The creative tension of the Christian life is trusting fully in God’s timing even as we ache and yearn for the fulfillment of his promises. This tension is so keen that Christian writers struggling to express it sound almost nonsensical. Here’s a delightful sentence from John Chapman: “We must learn to be content with the dissatisfaction of not yet being what we one day will be.” All Christians are called to live with “great impatience and patient endurance.” According to Walter Grundmann, we are to be characterized by “burning expectation in conformity with the divine plans.”
Challenge of Restless Patience
Living out this biblical tension of restlessness and patience is a challenge for every Christian. In the West, where life is comfortable and entertainment abundant, we become so enamored of our present that we cease to lean forward restlessly toward our much greater future. We wouldn’t admit it, but perhaps we feel like the teenage girl in the 2009 documentary film Waiting for Armageddon who believes Jesus will return very soon. Reflecting on the fact that her grandparents lived full and rich lives but she won’t because of Jesus’ imminent return, she complains, “It doesn’t seem fair.” Sounds crazy, right? But when was the last time you actually yearned for the new creation? We’re more comfortable than restless.
Or perhaps we fail not to wait restlessly but rather to wait patiently. Americans don’t like to wait for anything. The massive appeal of the modern prosperity gospel can be attributed in part to our desire to have right now the fulfillment of all of God’s promises.

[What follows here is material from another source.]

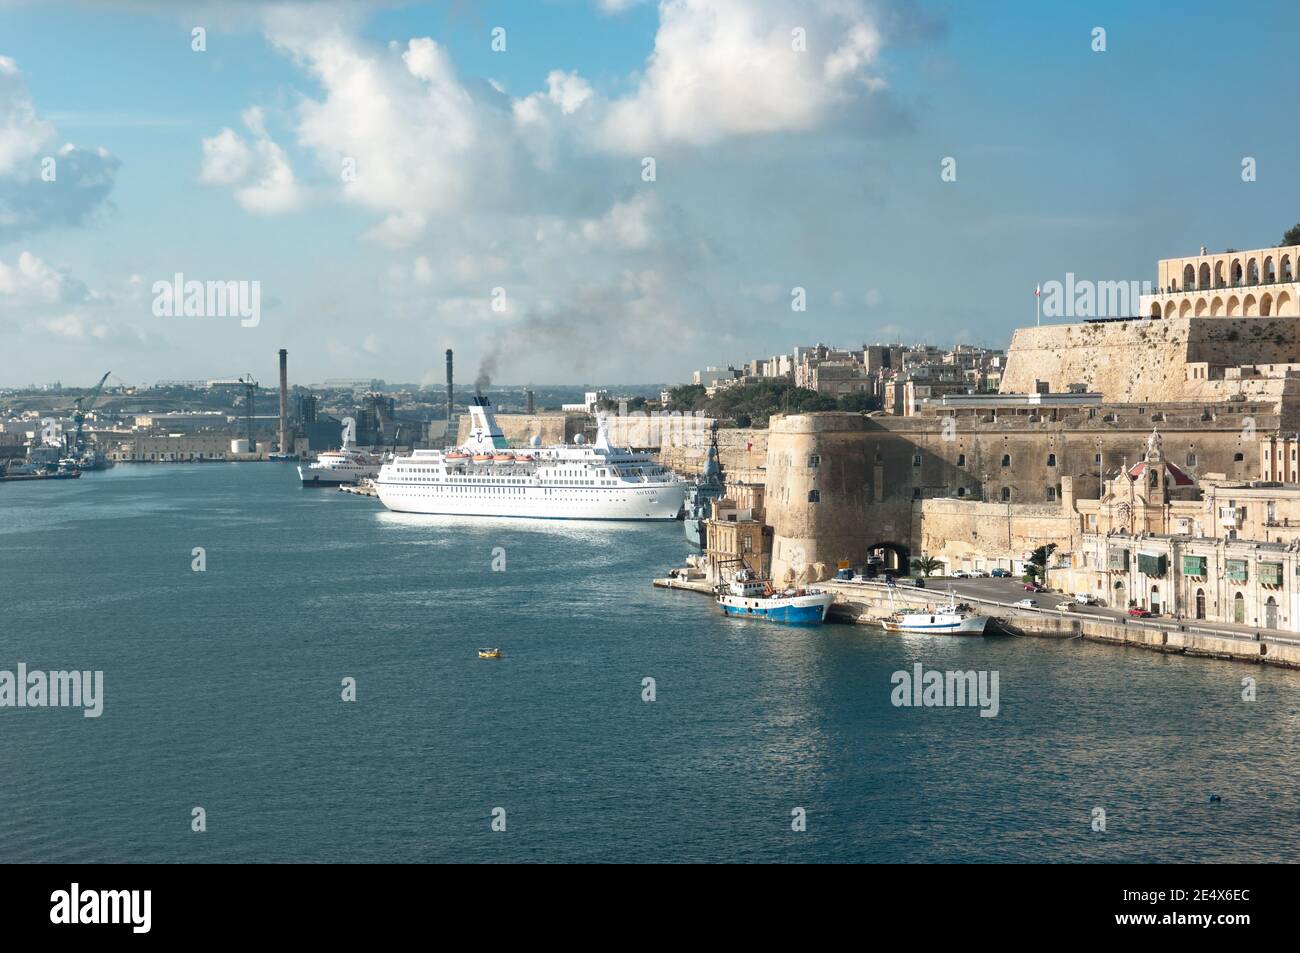 Valletta, Malta - November 27, 2011: view of Valletta and Grand Harbour with a passenger ship moored Stock Photo

Many of us who recognize the health-and-wealth gospel as terrible theology nevertheless create our own mini-versions of it every day. Of course we don’t intentionally formulate a bad system of theology. Instead, we do it mainly through our false expectations of what this present world can and should offer us. As we enter a new day, we expect things to go right, not wrong. We have a baseline expectation that there will be ample and good food for breakfast, the car will start, the job will go smoothly, and the children will go to sleep immediately at bedtime. These false expectations are exposed when things don’t go according to our plan and we respond sinfully, as though God has failed to give us something he had promised.
God calls us to wait restlessly for Jesus with a patient assurance founded upon his promises: “But according to his promises we are waiting for new heavens and a new earth in which righteousness dwells” (2 Peter 3:13). Eschatology gives us resources for understanding and addressing the brokenness we experience in this imperfect world as we wait for Jesus. It also reminds us of the great victory Christ has already achieved and the final victory he promises. Eschatology matters for all of life.